JP2003336576A - Variable displacement compressor - Google Patents

Abstract

<P>PROBLEM TO BE SOLVED: To provide a variable displacement compressor having a torque detection means having sufficient sensitivity and precision at low cost. <P>SOLUTION: This variable displacement compressor is provided with a piston 11 reciprocated and driven by a swash plate 8 having a variable inclination angle to adjust capacity by changing stroke of the piston. A tail part 11a connected with the piston is provided with underfill parts 11c, 11d to distinguish the underfill parts in the tail part from parts other than the underfill parts by a proximity sensor 14. A processing device 200 infers an inclination angle of the swash plate using an output signal of the proximity sensor. <P>COPYRIGHT: (C)2004,JPO

Description

Detailed Description of the Invention

[0001]

BACKGROUND OF THE INVENTION 1. Field of the Invention The present invention relates to a variable capacity compressor for compressing a refrigerant that can be used in an automobile air conditioner or the like.

[0002]

2. Description of the Related Art As a variable displacement compressor of this type, there is a variable displacement compressor which has a swash plate having a variable inclination, that is, a piston which is reciprocally driven by a cam, and whose displacement can be adjusted by changing the stroke of the piston. In the variable displacement compressor, when trying to control the compression capacity by an external control signal, if the load state of the compressor can be detected by some means, it is possible to perform capacity control or engine control according to this load. A useful and practical torque detecting means has been desired.

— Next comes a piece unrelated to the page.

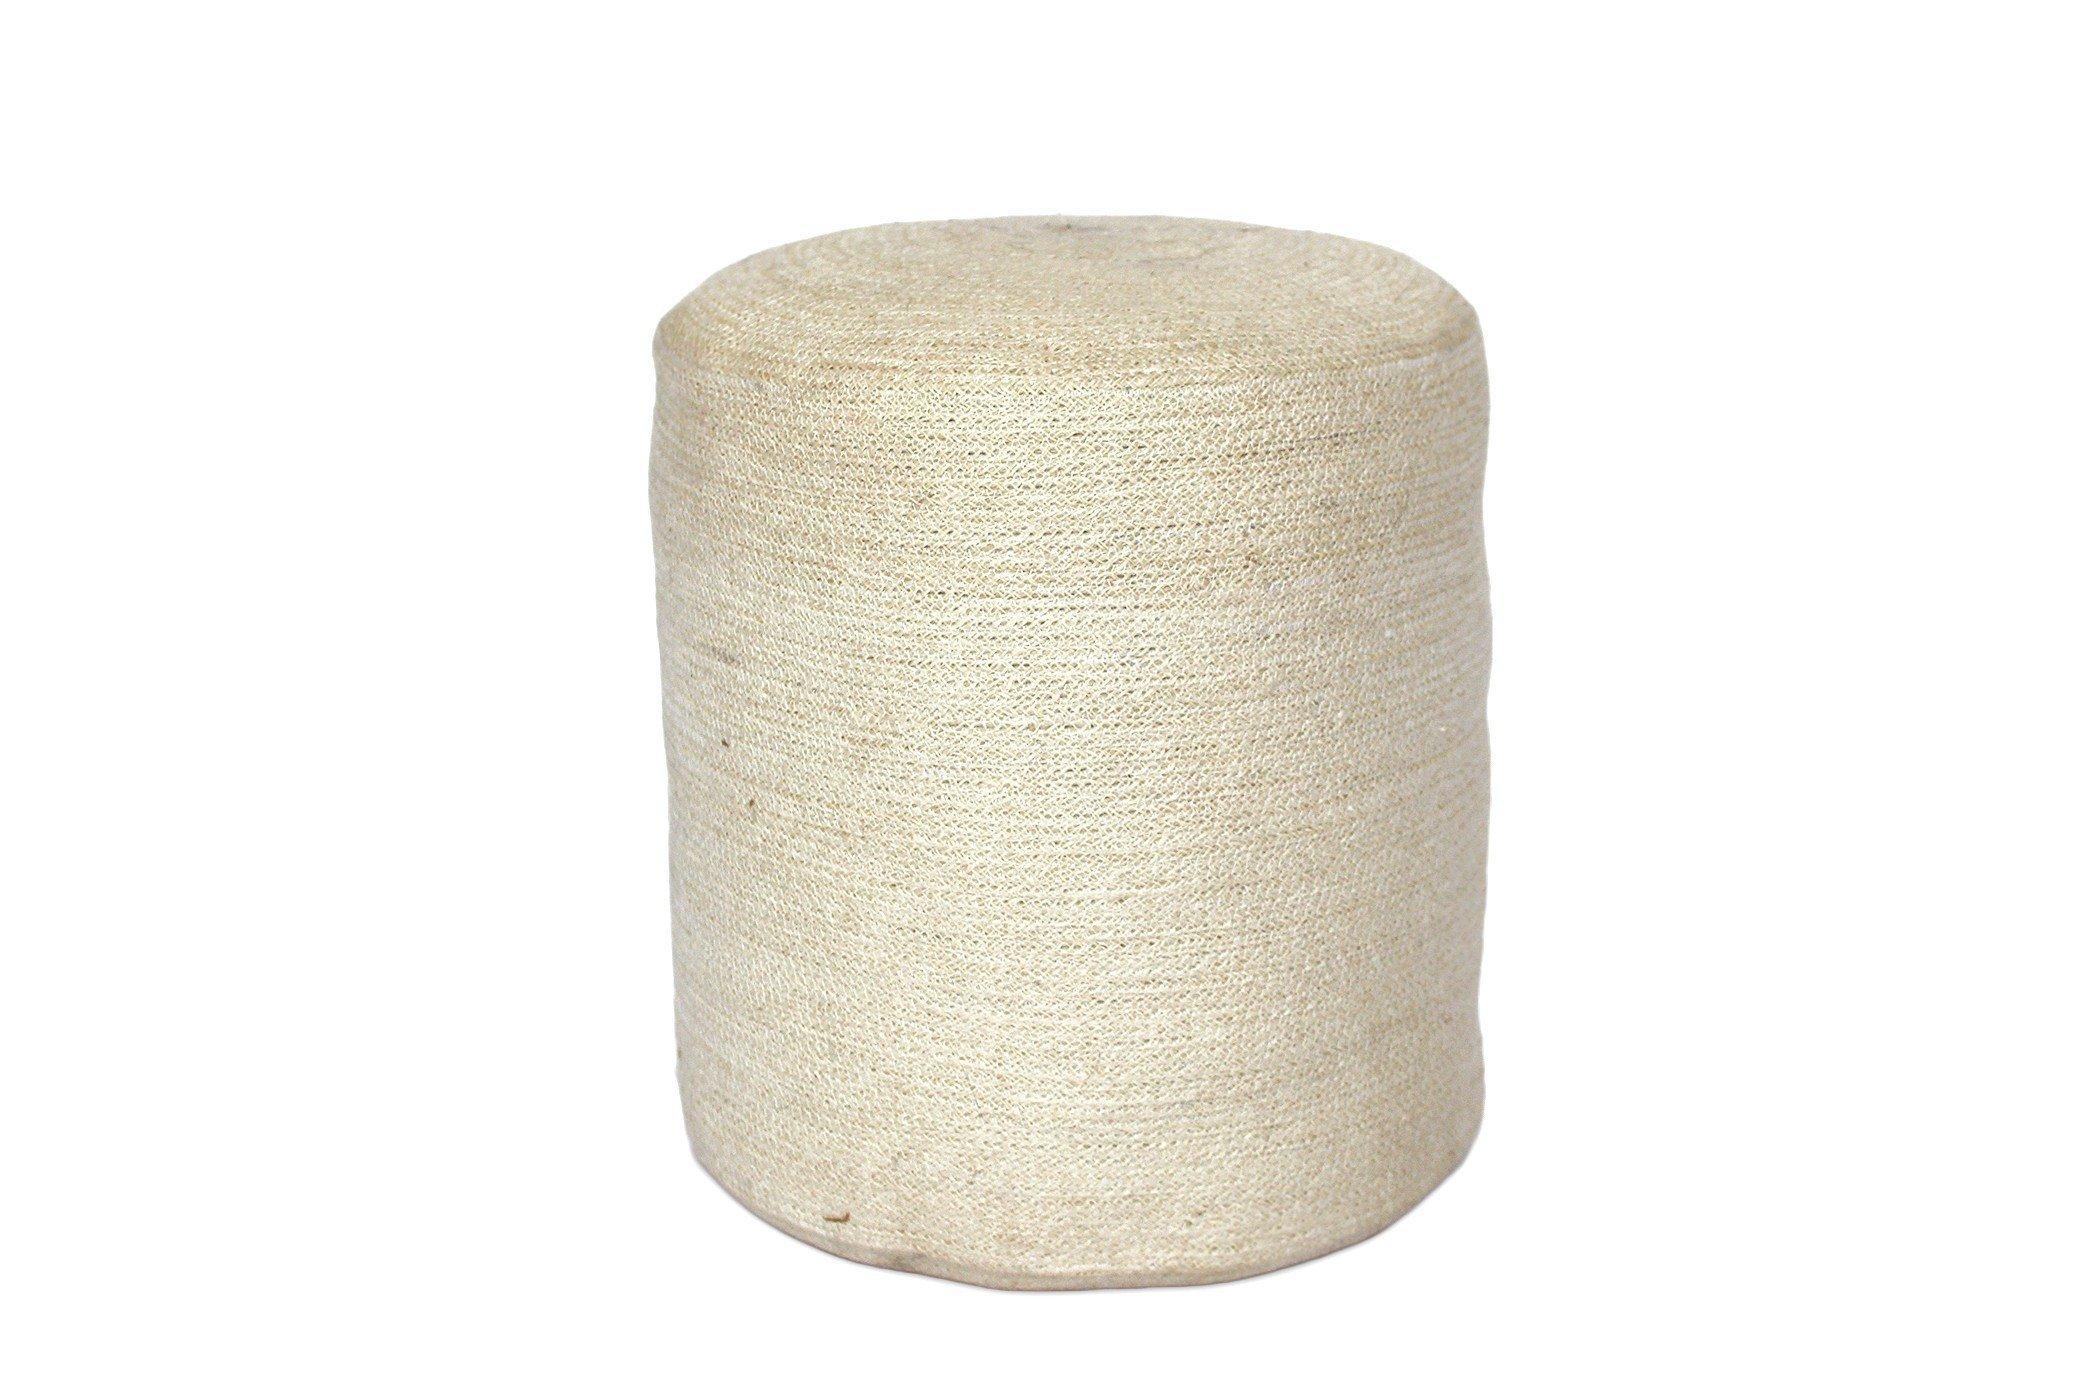 Saffron Trading Company Jute Round Pouf - Bleached White by Saffron Trading Company
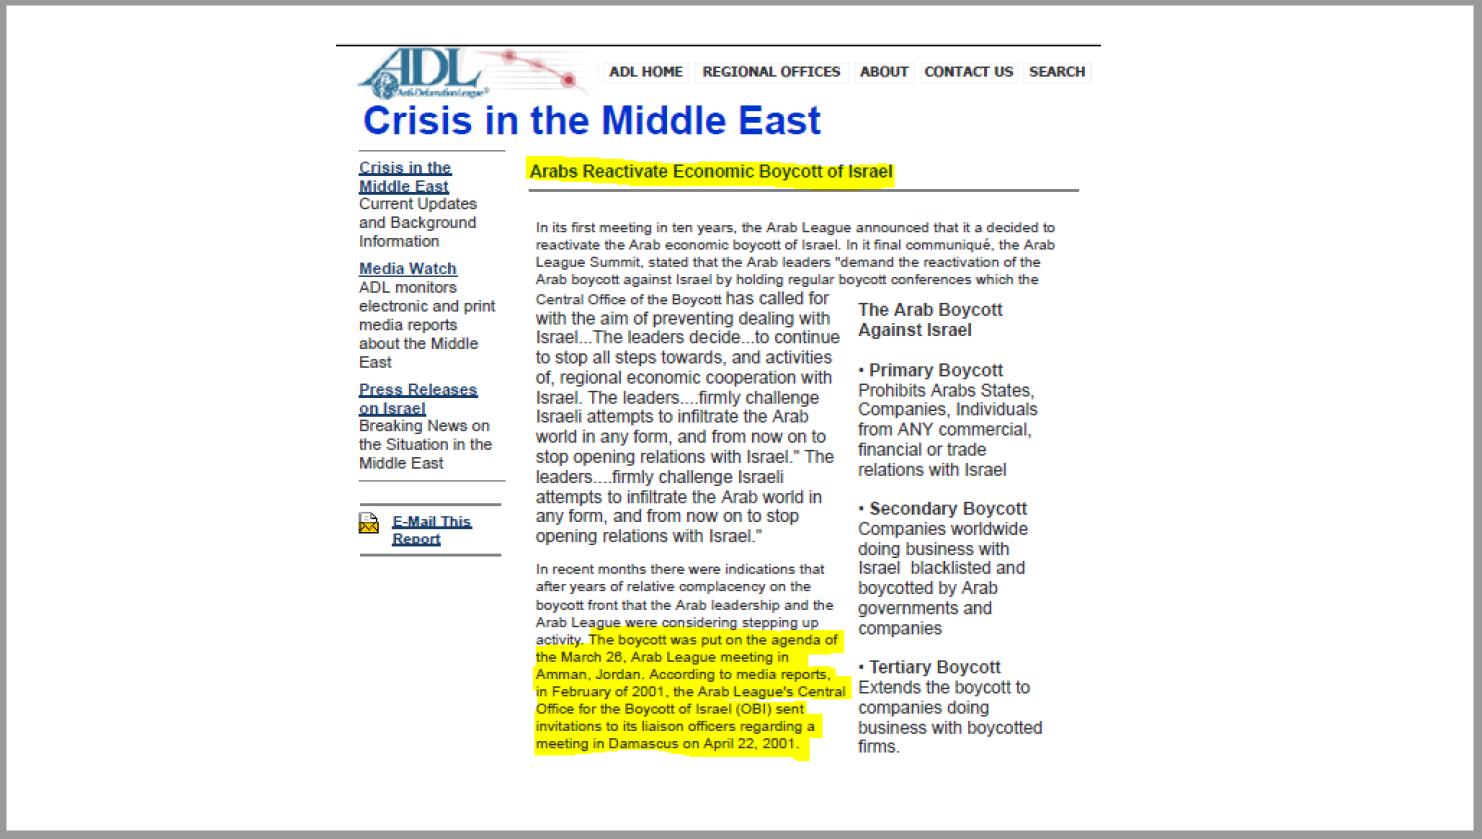 bds-history-slide-arab-league-boycott-adl-2001

Conventionally, Japanese Patent Laid-Open No. 05-164045 discloses an example of means for detecting the driving torque of a compressor. In this case, a magnetic film is wound around a drive shaft, that is, a rotary shaft of a compressor, and a coil facing the magnetic film is provided. Magnetostriction occurs in the magnetic film due to the twist of the rotating shaft. This magnetostriction changes the output voltage of the coil. Therefore, the drive torque can be detected by detecting this output voltage. It should be noted that this is for directly detecting the twist of the rotating shaft, and is the most general technique as a torque detecting method.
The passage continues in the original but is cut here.